INFORMATION SHOWN
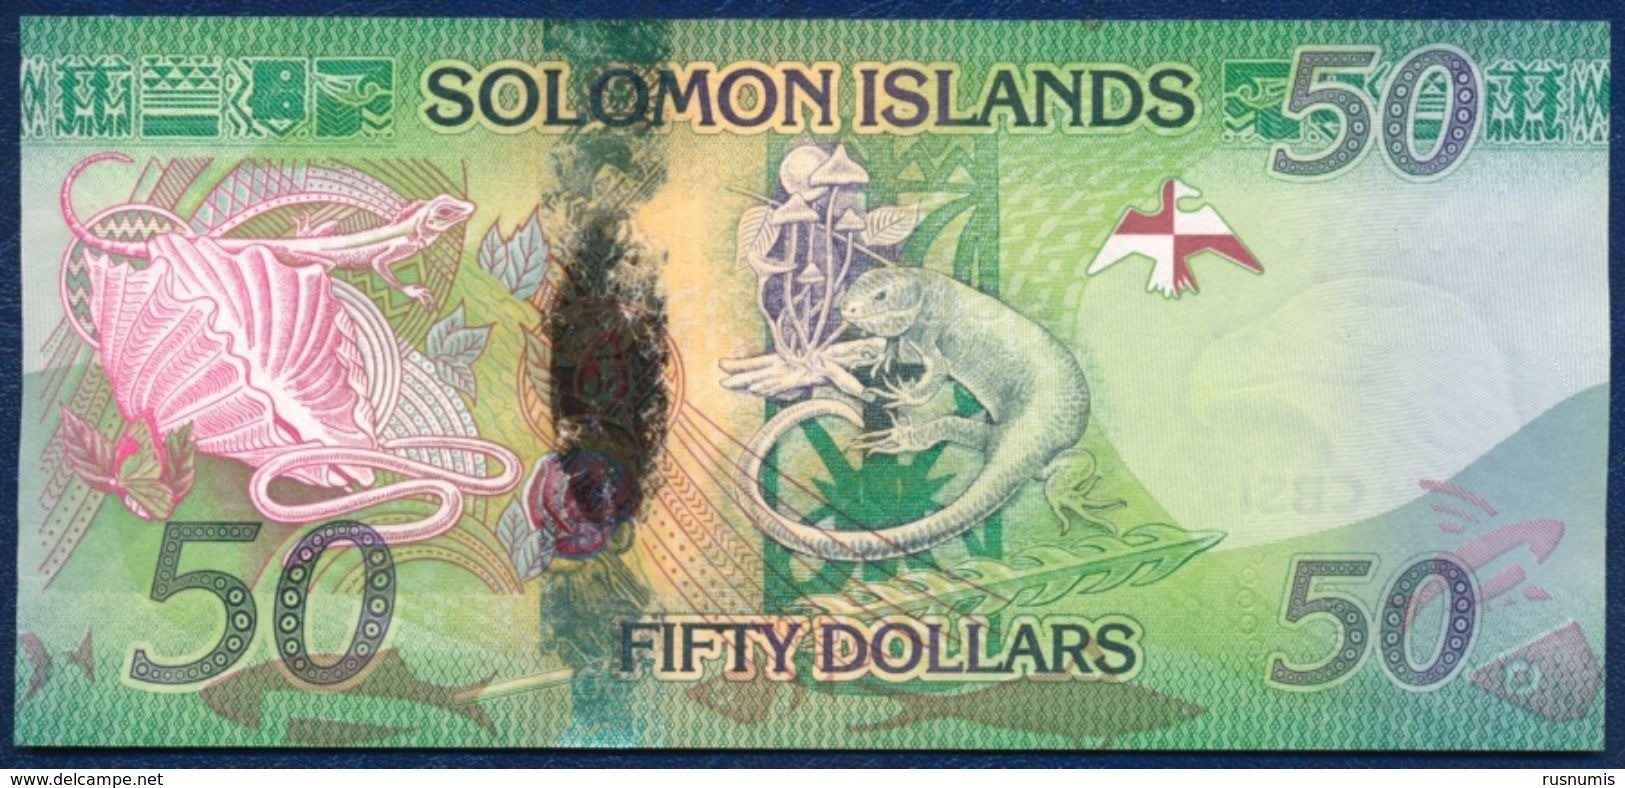 SOLOMON ISLANDS 50 DOLLARS P-35a LIZARD 2013 UNC - Solomonen
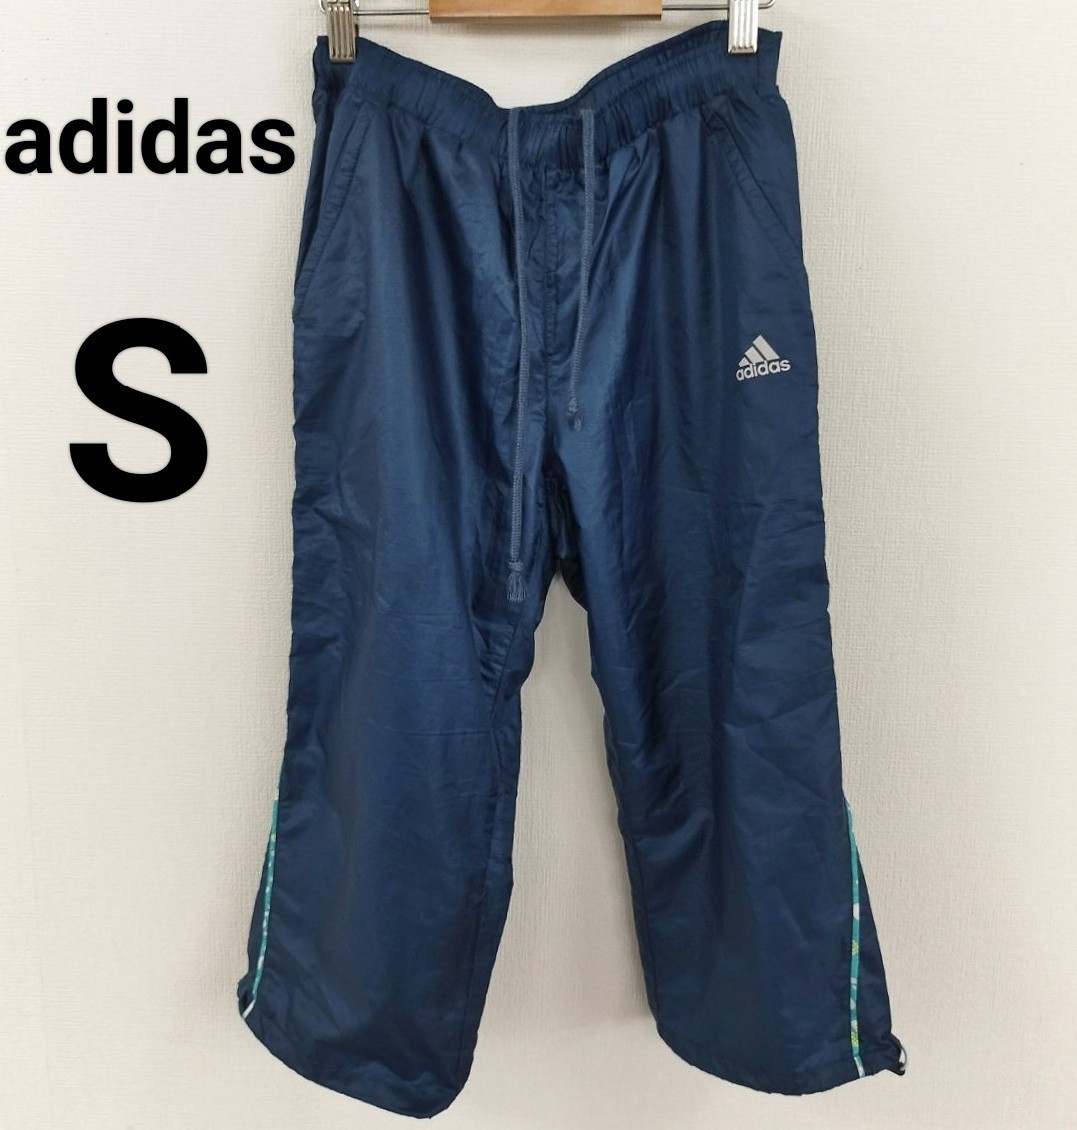 adidas アディダス レディス カプリパンツ S
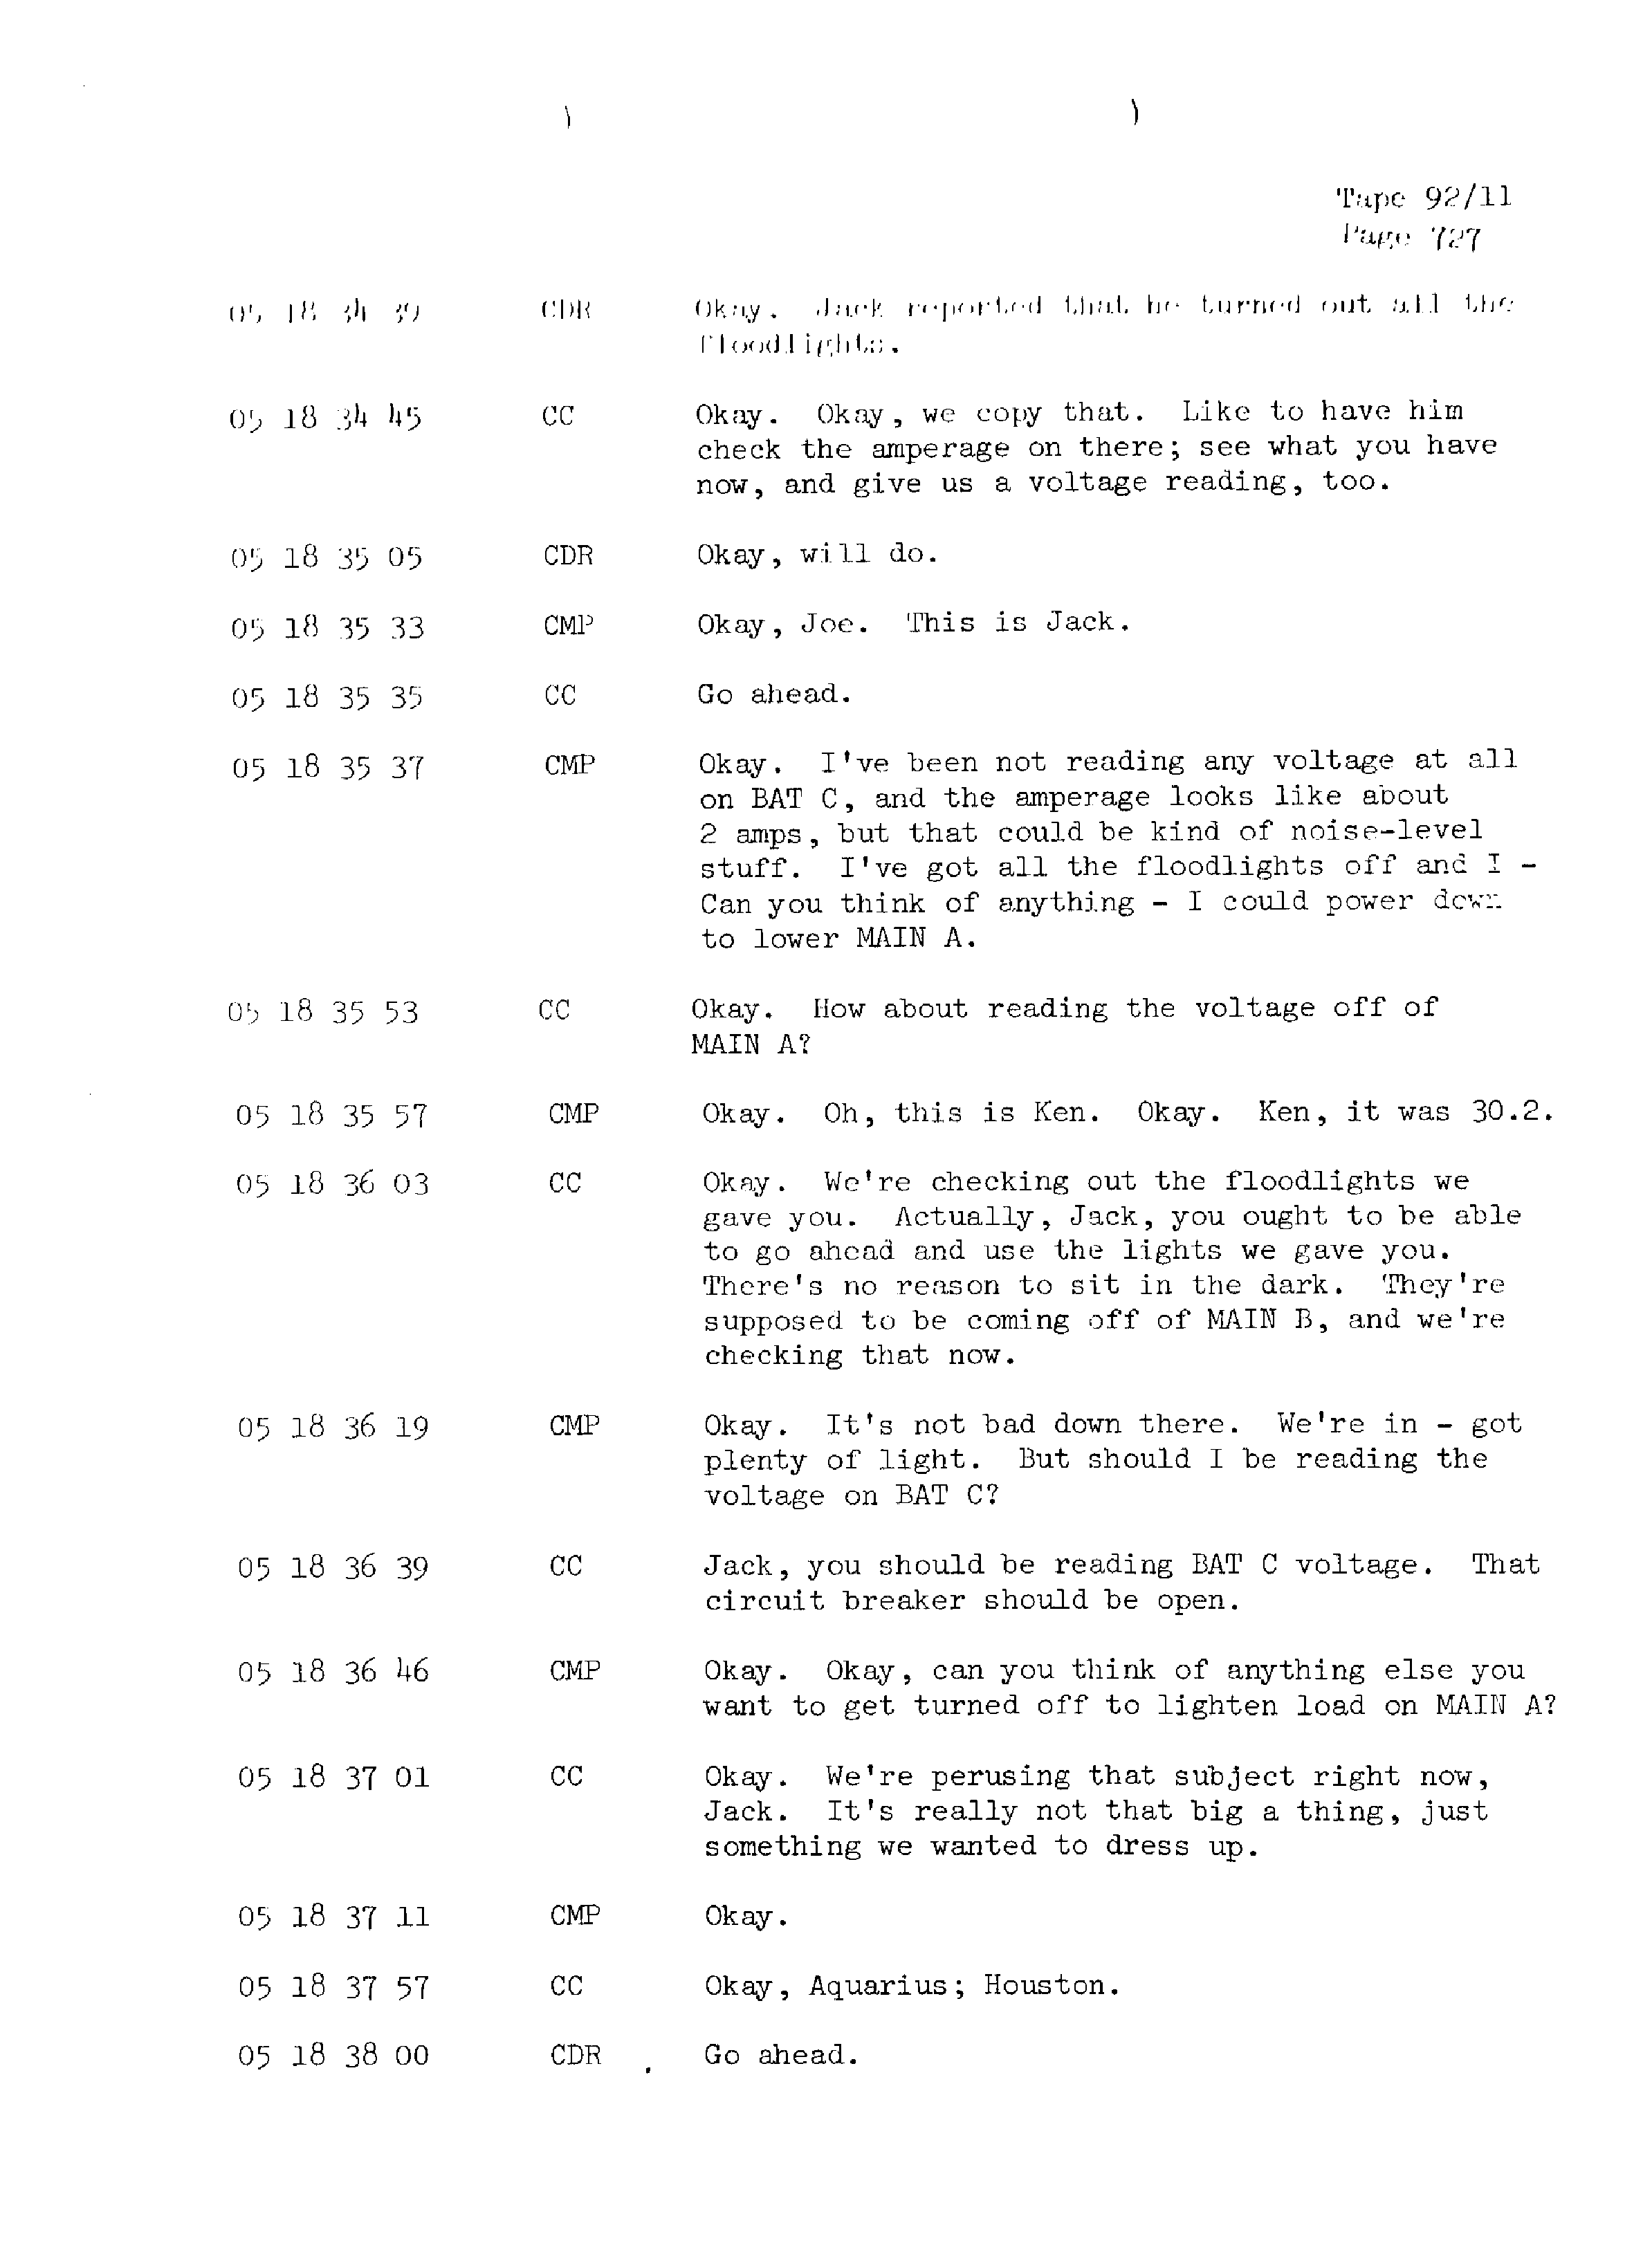 Page 734 of Apollo 13’s original transcript
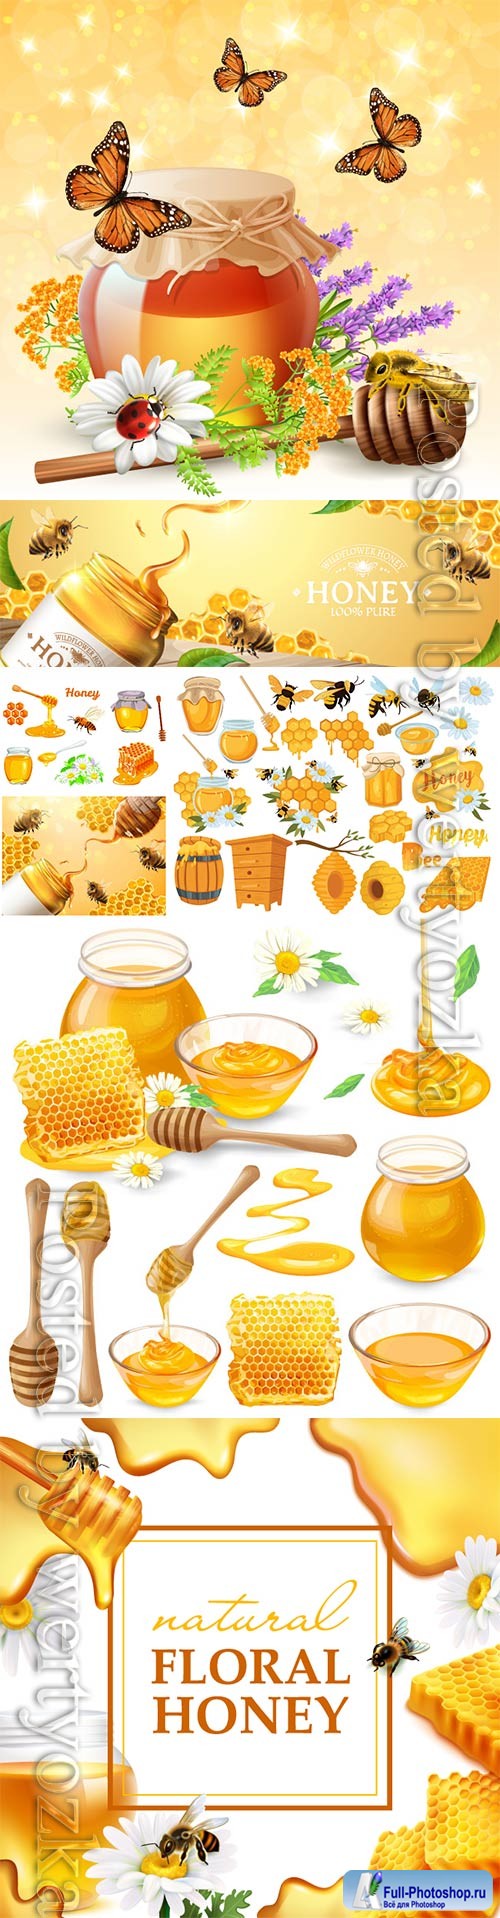 Honey set, honeycombs, bee, honey in glass jar, wooden honey dipper, honey in metal spoon and flowers

YOUR OBJECTIVE
Once the pictures are removed, copy the material above exactly.

OUTPUT OF THE EXERCISE
 SOLOMON ISLANDS 50 DOLLARS P-35a LIZARD 2013 UNC - Solomonen
 adidas アディダス レディス カプリパンツ S
 Page 734 of Apollo 13’s original transcript
 Honey set, honeycombs, bee, honey in glass jar, wooden honey dipper, honey in metal spoon and flowers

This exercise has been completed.